Ура, уговорил Боба! Теперь он никуда, сердешный, не денется. Поломается еще для понта, но все сделает. Я же его, собаку, как облупленного знаю.
— Витя, его же в режимы вгонять надо! Соображаешь? Это же не бутылку пива открыть! — я отодвинул немного трубку от уха и не пытался спорить или что-нибудь доказывать. Пусть поговорит немного. Потрендит, и — «за работу, товарищи!»
Все хитроумные «прибабахи» на мою «телегу» исключительно Боб навешивал. Мои были только идеи, а воплощение в железе — чисто Борькино.
— Ладно, черт с тобой, паразит, сделаю. Что там еще?
— А тебе этого мало? — удивился я.
— Хватит, хватит… — Борька громко и грустно вздохнул в трубку. — Но, Витя, не в этом же дело. Мы с тобой уже два месяца не виделись. Почти два, а ты сразу меркантильно, без подхода — карбюратор, мосты-болты-гайки. Это даже не бартер, а лизинг какой-то получается. Нельзя так, Витя.
— Какие два месяца? Я же к тебе на той неделе заходил чайку попить. Напомнить, чем дело кончилось?
— А ведь, точно, во вторник виделись. В по-затот. Совсем забыл. Голова у меня, Витя, плохая стала. Наверное, старею я, Витя.
— Все стареют. Так что, не горюй. А чем наши посиделки кончились, я, в отличие от тебя, прекрасно помню: головной болью и трехдневной тошнотностью.
— С чего бы это?
— С «Агдама». С того самого портвейна халявного, которого ты три литра каким-то образом с «Арарата» притащил.
— Припоминаю, припоминаю… Я им какой-то погрузчик починил, а они со мной частично портвешком расплатились. Неплохим, отметь портвешком. Не «левый», по крайней мере. Настоящий «Агдам».
— Ну, мне этого настоящего хватило выше крыши. Слышь, Борька, я к тебе часто вот так, как снег на твою плохую голову? Говорю по буквам: очень все круто и очень, очень надо. Дошло? Паши, как папа Карло, день и ночь. И не забудь о «зеленой стошке».

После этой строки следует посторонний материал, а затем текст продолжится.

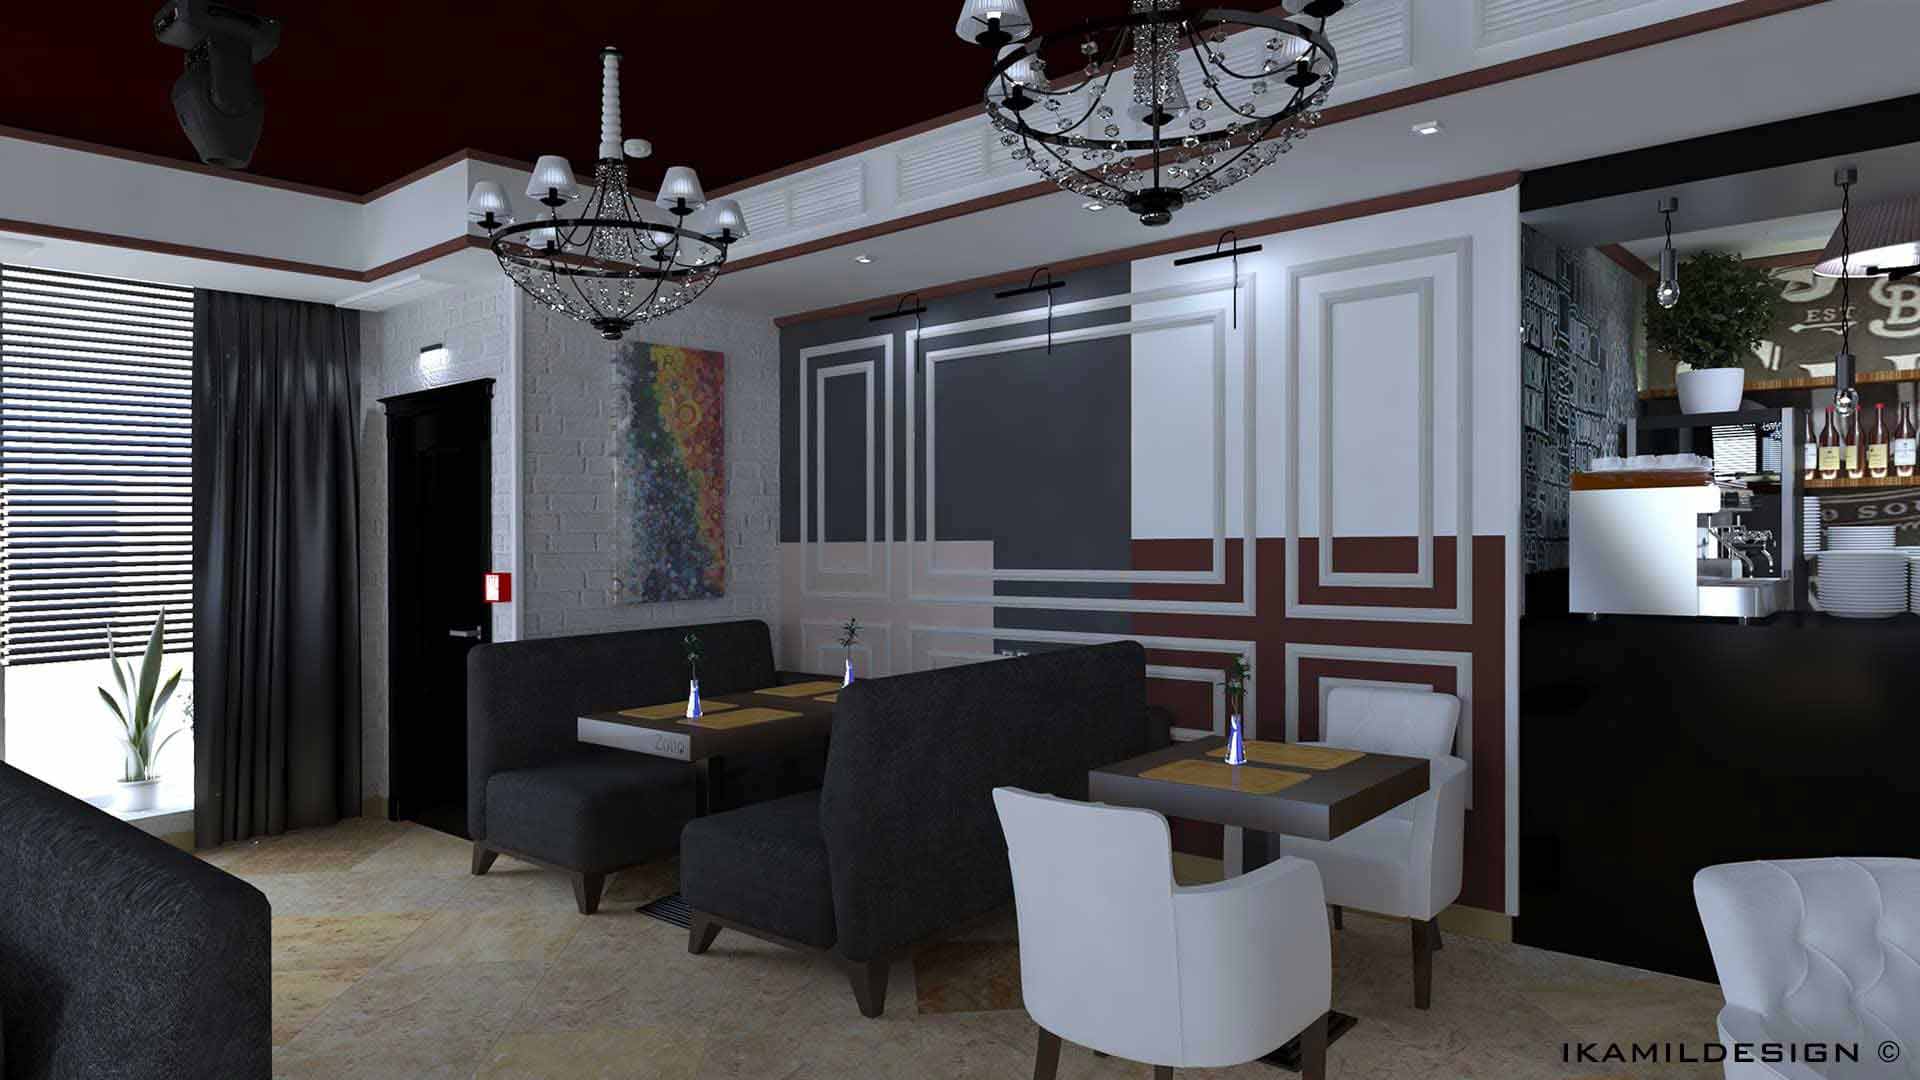 проектирование караоке, ресторанов и кафе. ikamildesign

— Еще раз «про любовь» вякнешь, и я тебя, засранца, вышвырну из своего сердца, — Борька обиженно засопел в трубку. — Вот так всегда: нахамим, оскорбим…

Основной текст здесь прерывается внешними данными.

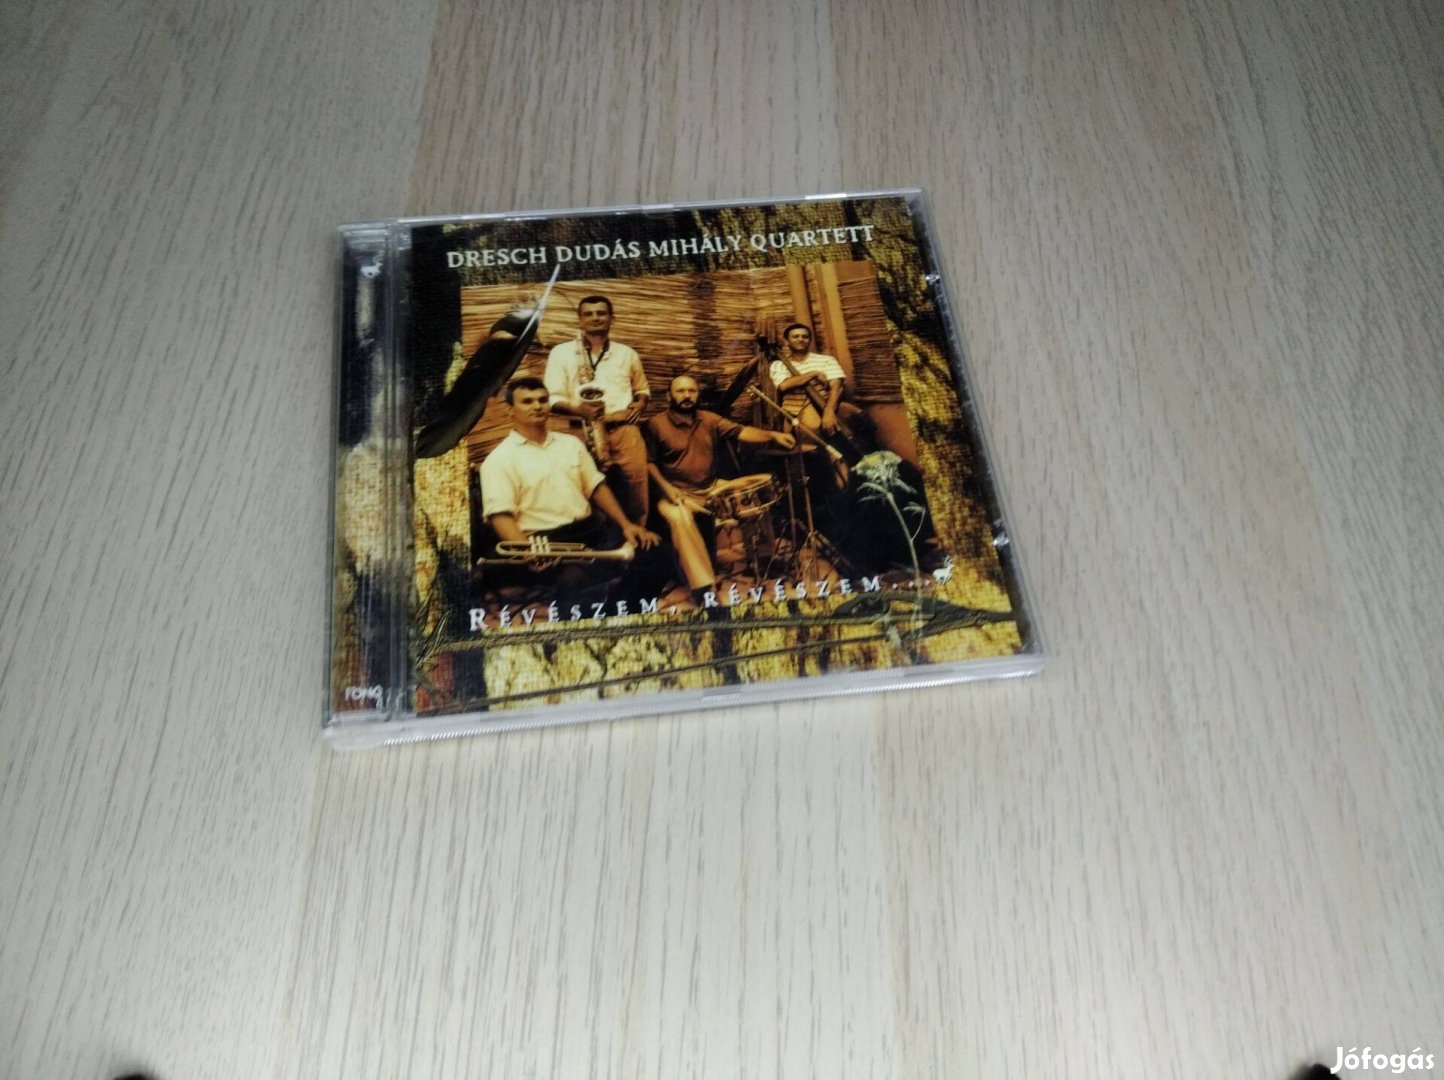 Dresch Dudás Mihály Quartett - Révészem, Révészem. / CD

— Ну ладно, ладно. Не бери в голову, — повинился я.
— То-то… У тебя номер гаража сорок седьмой?
— Вроде бы так.
— Тогда о-кей и гуд бай — жду на вахте с объяснениями, — Боб повесил трубку.

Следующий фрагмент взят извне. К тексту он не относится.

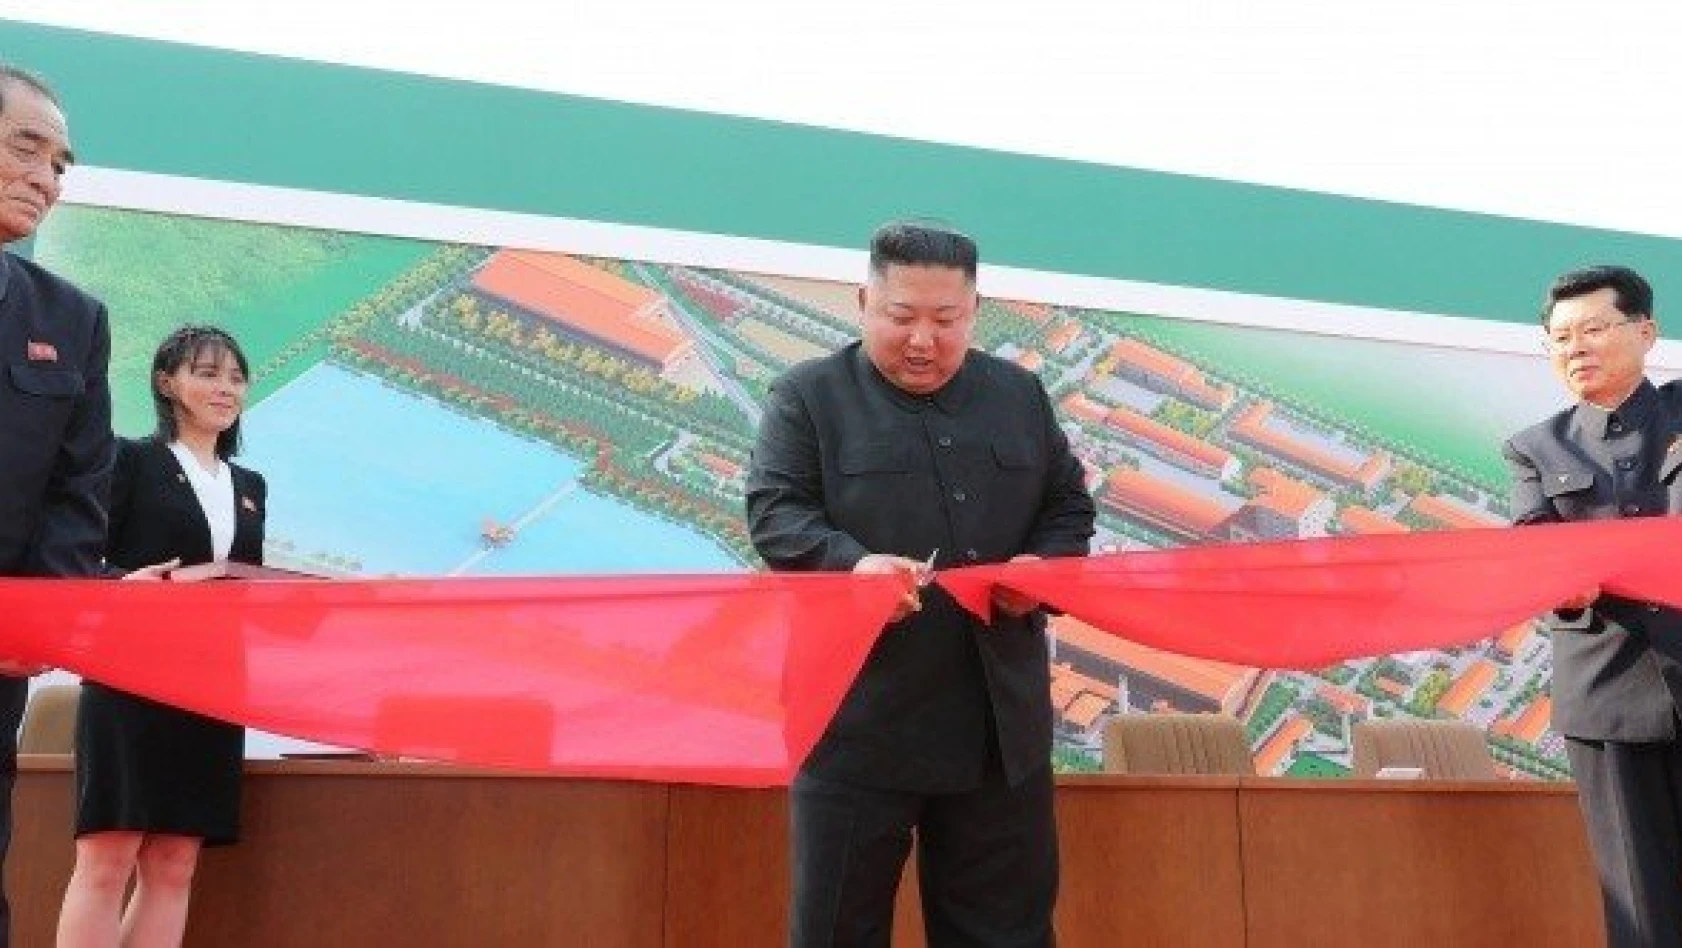 Öldü denilen Kuzey Kore lideri Kim ortaya çıktı

Борька — непутевый друг моего безрадостного детства. Хотя трудно сказать — радостного, безрадостного… Наши дети сейчас на компьютерах резвятся, в олимпиадах всяких физико-математических участвуют да и Интернет им не чужд, а мы в свое время на Воронью гору в Красное Село «стволы» ржавые копать таскались. И не безуспешно — у меня до седьмого класса в тайнике «лимонка» за-ныкана была. Вполне пригодная к употреблению вещь. А у Витьки-китайца ТТ почти нержавый в дровяном сарае хранился. Правда, без какой-то важной детали — не стрелял, но с виду очень хорошая штуковина. Нас так во дворе и различали: Витька с «лимонкой» — это я, и Витька с пистолетом это — «китаец». Вообще-то, он был не настоящим китайцем, просто родился в Китае, когда его папа-летчик сражался с гоминьдановскими бандитами в небе над Сычуанем. А может, и над Суньхуньвчаем, сейчас и не вспомню уже в каком небе.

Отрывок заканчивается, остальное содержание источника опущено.